A practical explanation for this lacuna is that the statistical machinery required to analyze such a complex dataset has simply not been available until now. The present study takes advantage of recent advances in machine learning techniques to estimate and visualize the relative importance of the reader- and text-driven variability in eye-movements over time. We utilize the Random Forests method, which surpasses traditional linear regression methods in its ability to manage two problems inherent to this type of dataset: collinearity among predictors and model overfitting (see Matsuki, Kuperman, & Van Dyke, 2016 for further discussion). In the remainder of the Introduction, we review briefly the literature that informs the joint specification of components of reading, provide motivation for establishing their relative importance, and formulate the goals of our study.

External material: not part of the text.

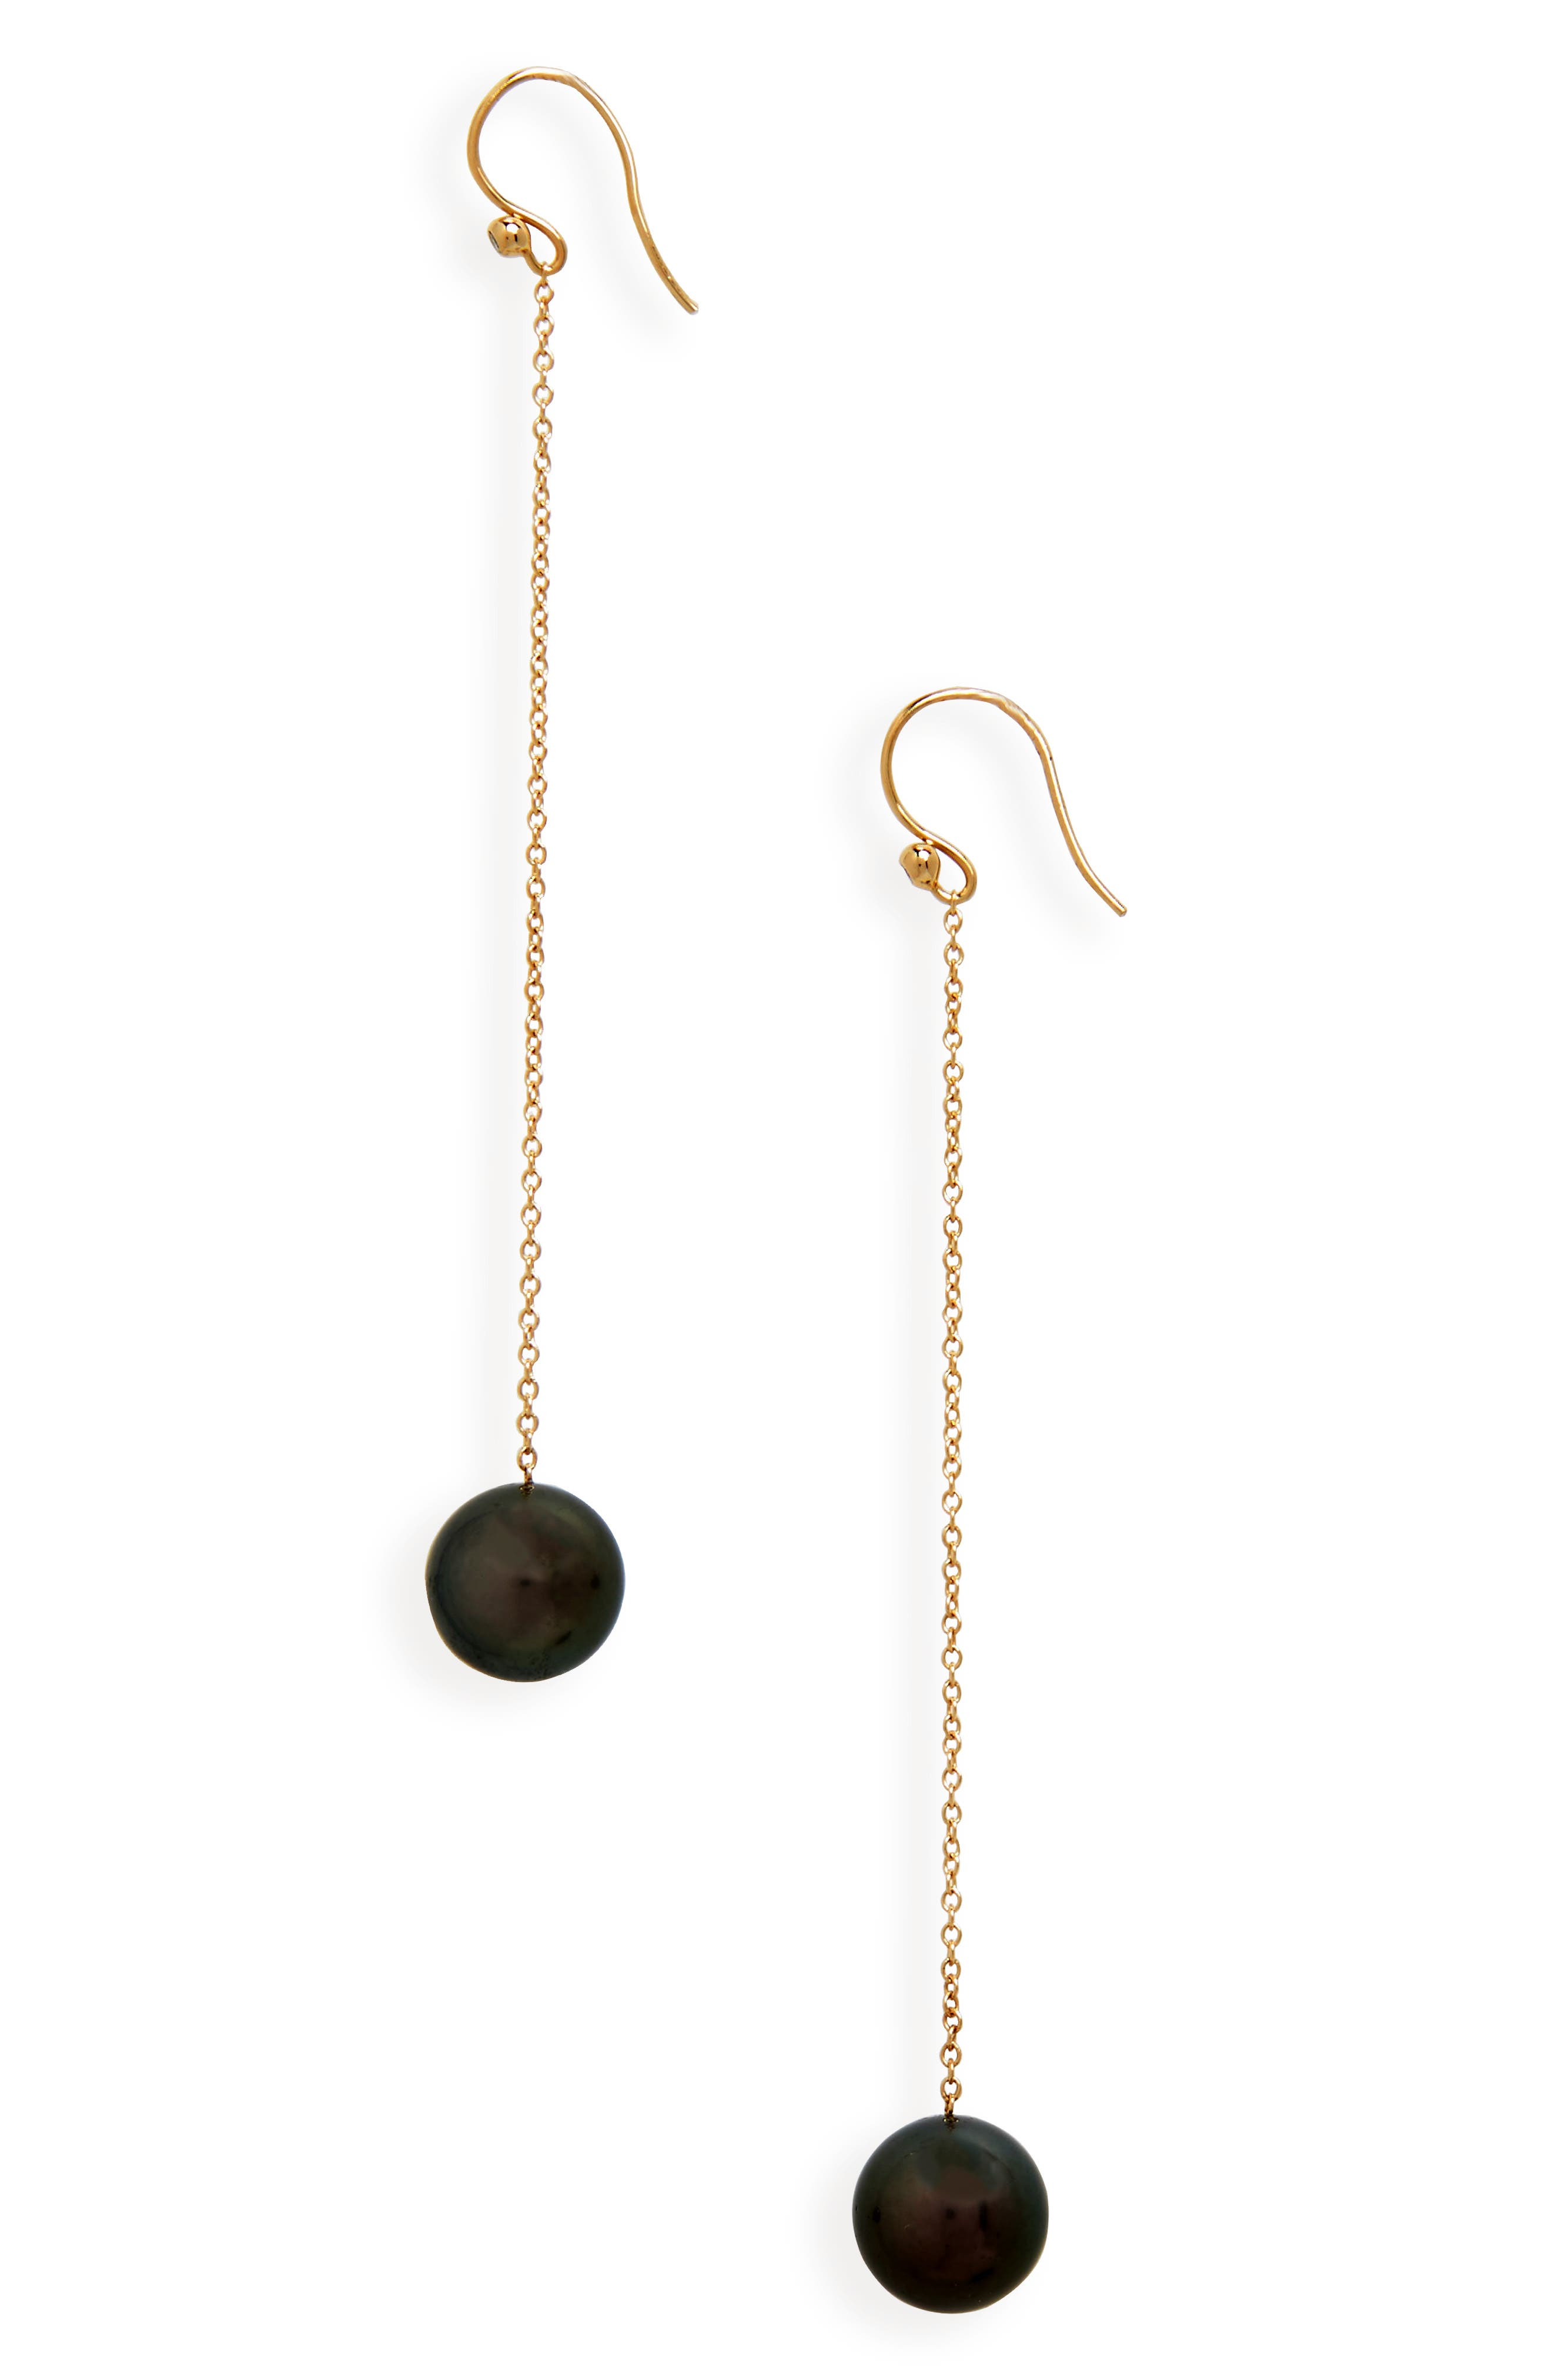 Tahitian Pearl Chain Drop Earrings,                         Main,                         color, YELLOW GOLD/ BLACK PEARL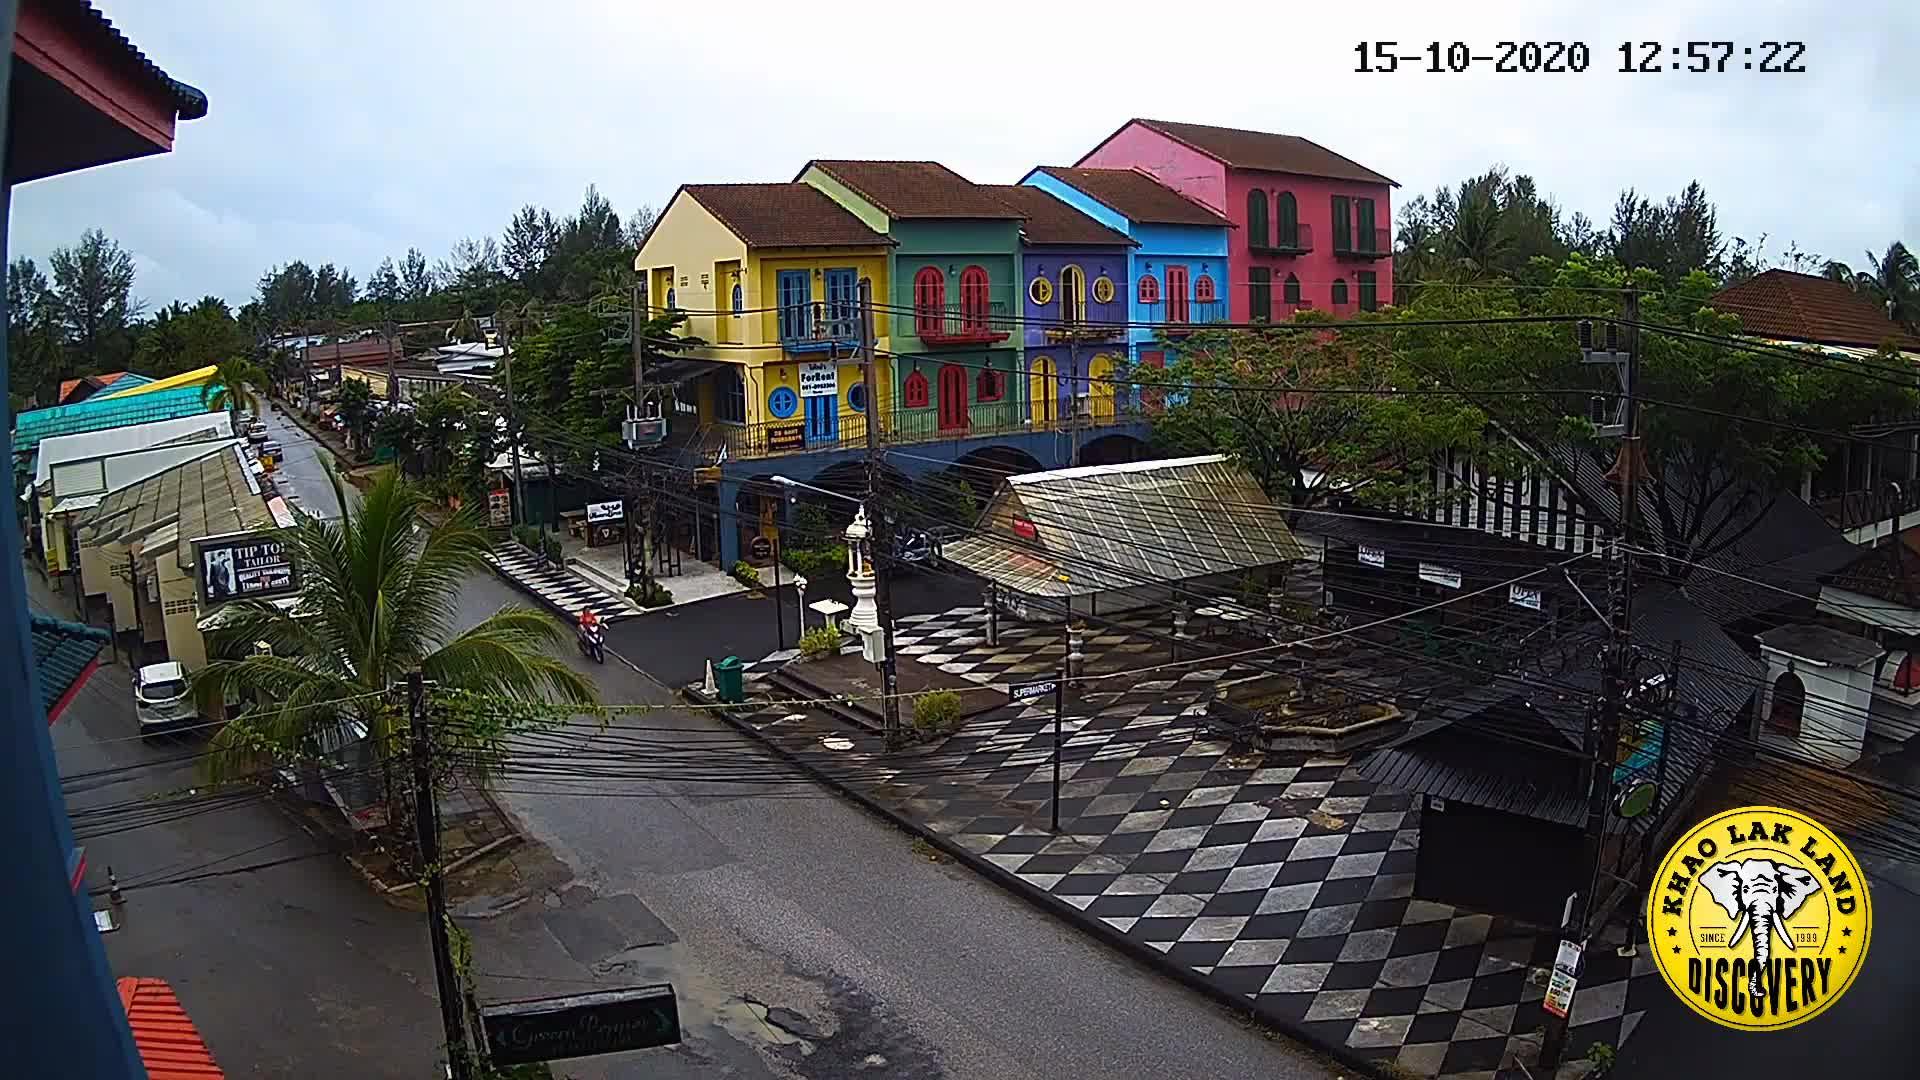 Gustavia Wed. 01:59

Reader, Text and Time as major causes of variability in reading behavior have been in the focus of eye-movement research since its inception, and particularly so since the introduction of the modern eye-tracking technology (Huey, 1908; Rayner, 1998; 2009; Tinker, 1946). The fine temporal resolution of eye-tracking, as well as the saccadic nature of reading with a clearly defined sequence of saccades and fixations on the target, makes the eye-movement record one of the few behavioral indices for the timing of cognitive processes. The correspondence between eye-movement measures and the temporal order of reading processes is not isomorphic, yet allows for a meaningful separation of early and late stages of word processing: see Clifton, Staub, and Rayner (2007) and Tables 3 and 4 in Boston, Hale, Kliegl, Patil, and Vasishth (2008) for a detailed description of eye-movement measures, the hypothesized cognitive processes, and references. Studies investigating the interaction of reader variables and temporal measures of eye movements (Reader × Time) go back to Buswell’s classic study (1922; data reproduced in Findlay & Gilchrist, 2003), which demonstrated a gradient decrease in the mean number of fixations per line, fixation durations, and regressions per line associated with an increase in years of schooling and exposure to print. Further developmental and clinical research has mapped out systematic differences between-subject variability in eye-movements during reading across the life-span (e.g., Blythe, 2014; Laubrock, Kliegl, & Engbert, 2006; Rayner, Castelhano, & Yang, 2009; Schroeder, Hyönä, & Liversedge, 2015); within and across writing systems (see Liversedge et al., 2016; Rayner, Li, Williams, Cave, & Well, 2007); across levels of specific verbal and broad cognitive skills (see review by Rayner, Abbott, & Plummer, 2015), as well as between impaired (primarily, reading-impaired) and non-clinical groups (for dyslexia, see Eden, Stein, Wood & Wood, 1994; Hawelka, Gagl, & Wimmer, 2010; Pavlidis, 1985).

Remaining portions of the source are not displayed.